After the wobbly boat ride, I choose not to disembark on Liberty Island. I had a spectacular view from the top deck of the boat, and judging from the size of the line to get back aboard, I made the right decision. I sailed on to Ellis Island in search of my family name.

Although the architecture was beautiful, Ellis Island gave me the heebeegeebees. Black and white eyes seemed to peer out the pictures and speak of tired journeys, big dreams, and lost hopes. Behind the gentle din of the crowd I could hear the silent prayers of my family standing in inspection lines waiting to see if they would be allowed to pass through the guarded golden door. The youngest Calamaio child at the time was deaf, and would have been likely turned away, as many were, but his mother snuck him though the health inspection tests using hand signal cues instructing him to nod and respond at the appropriate times. She would tug on her skirt with either her right or left hand depending on if he was to nod “yes” or “no.” He was just young enough that it worked.

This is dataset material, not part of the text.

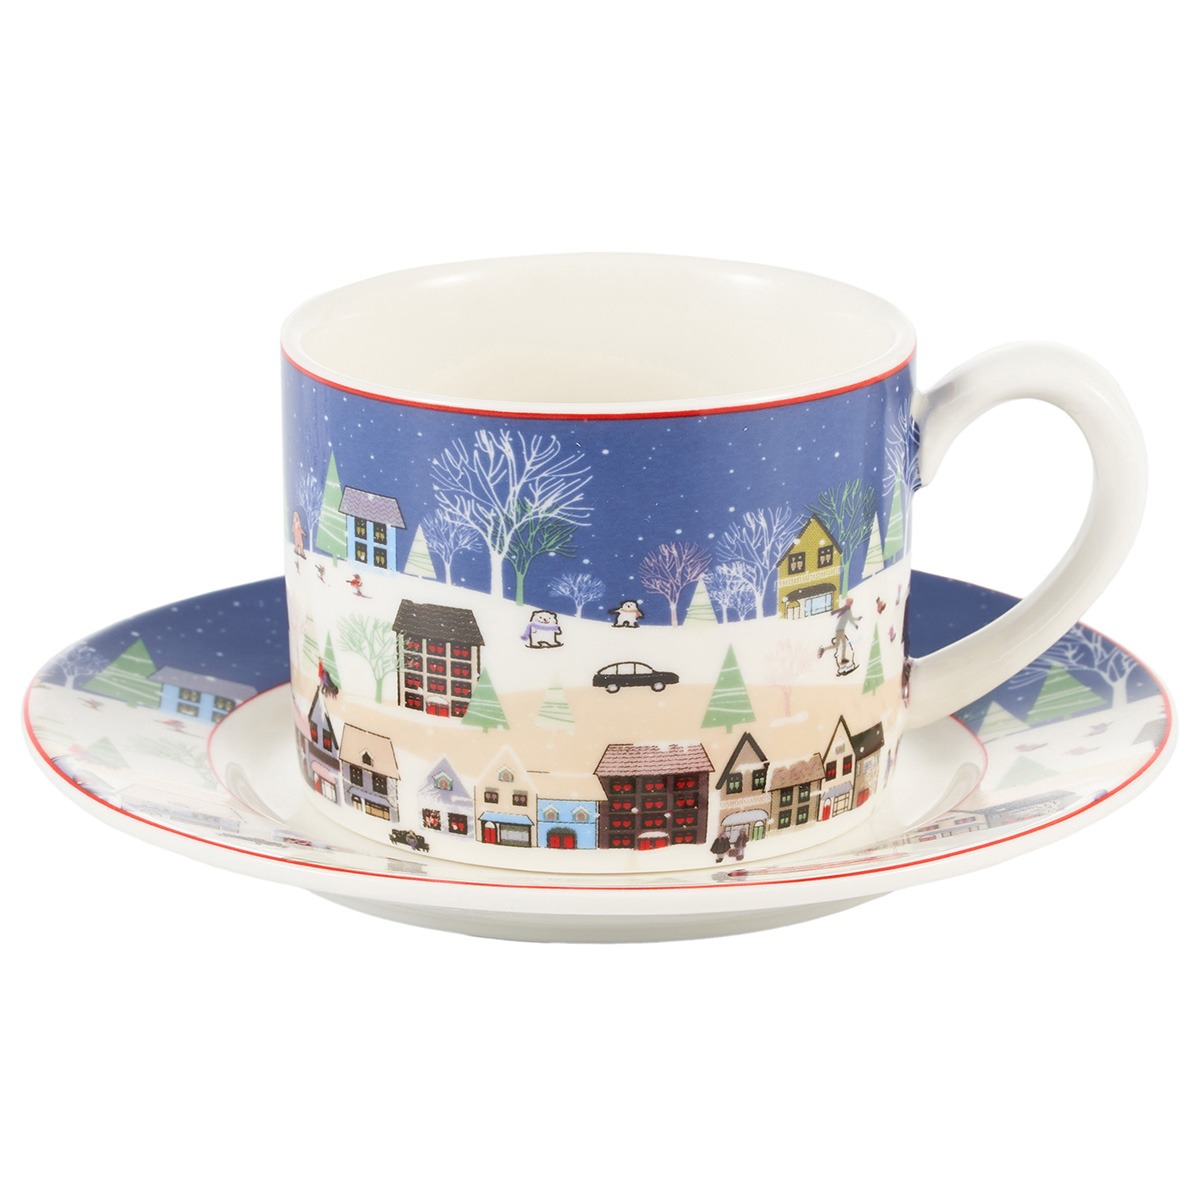 Чайная пара Gipfel Christmas фарфор синий чашка 250 мл, блюдце 14 см пара чайная чашка блюдце 240 мл tudor tu9999 3

In the courtyard behind the building, I found their name. “The John Calamaio Family” was engraved in the Wall of Honor monument located between the building and the freedom of the New York shore. What there was no monument for was the thousands of unnamed rejects sent back to their countries of origin. The “homeless and tempest tossed” not welcomed by Lady Liberty’s lamp.

Since this country’s beginning, Americans have always tried to keep foreigners out of “their land.” Almost every nationality has been discriminated against at one point or another in our nation’s history, and though few people are denied jobs today for being Irish or Italian, racism still closes gates to people seeking the American dream today.

I’ve lived in Tucson the past four years, a hop skip and jump from the U.S.-Mexico border and the sector with the most illegal migration apprehensions in the United States. I’ve seen firsthand the hatred some Americans have for migrants. “Minutemen” cars line the deserts surrounding the city hoping to capture immigrants themselves. I’ve seen Mexican flags burned by men with guns in the streets of downtown Tucson. I’ve interviewed children wearing American flag bandannas who’ve told me they hate Mexicans.

Everybody seems to have an opinion about who should be let in and who should be kept out, but what many forget is their own history. I am only a 4th generation American, just as many of the Minutemen likely are. But yet there is a culture of hatred still alive and well in America, no matter how many people walk though the Ellis Island museum and comment on how horrible and racist of a system it was.

The Calamaios that made it though Ellis Island were the lucky ones. The immigrants allowed to pass through the “sunset gates”. The ones allowed live and work and have children who would someday climb to the top of the welcoming Liberty flames and shout to the world. They were the ones whose great-granddaughter would be free to travel across the country in a van and stand where they stood to say, “thank you”.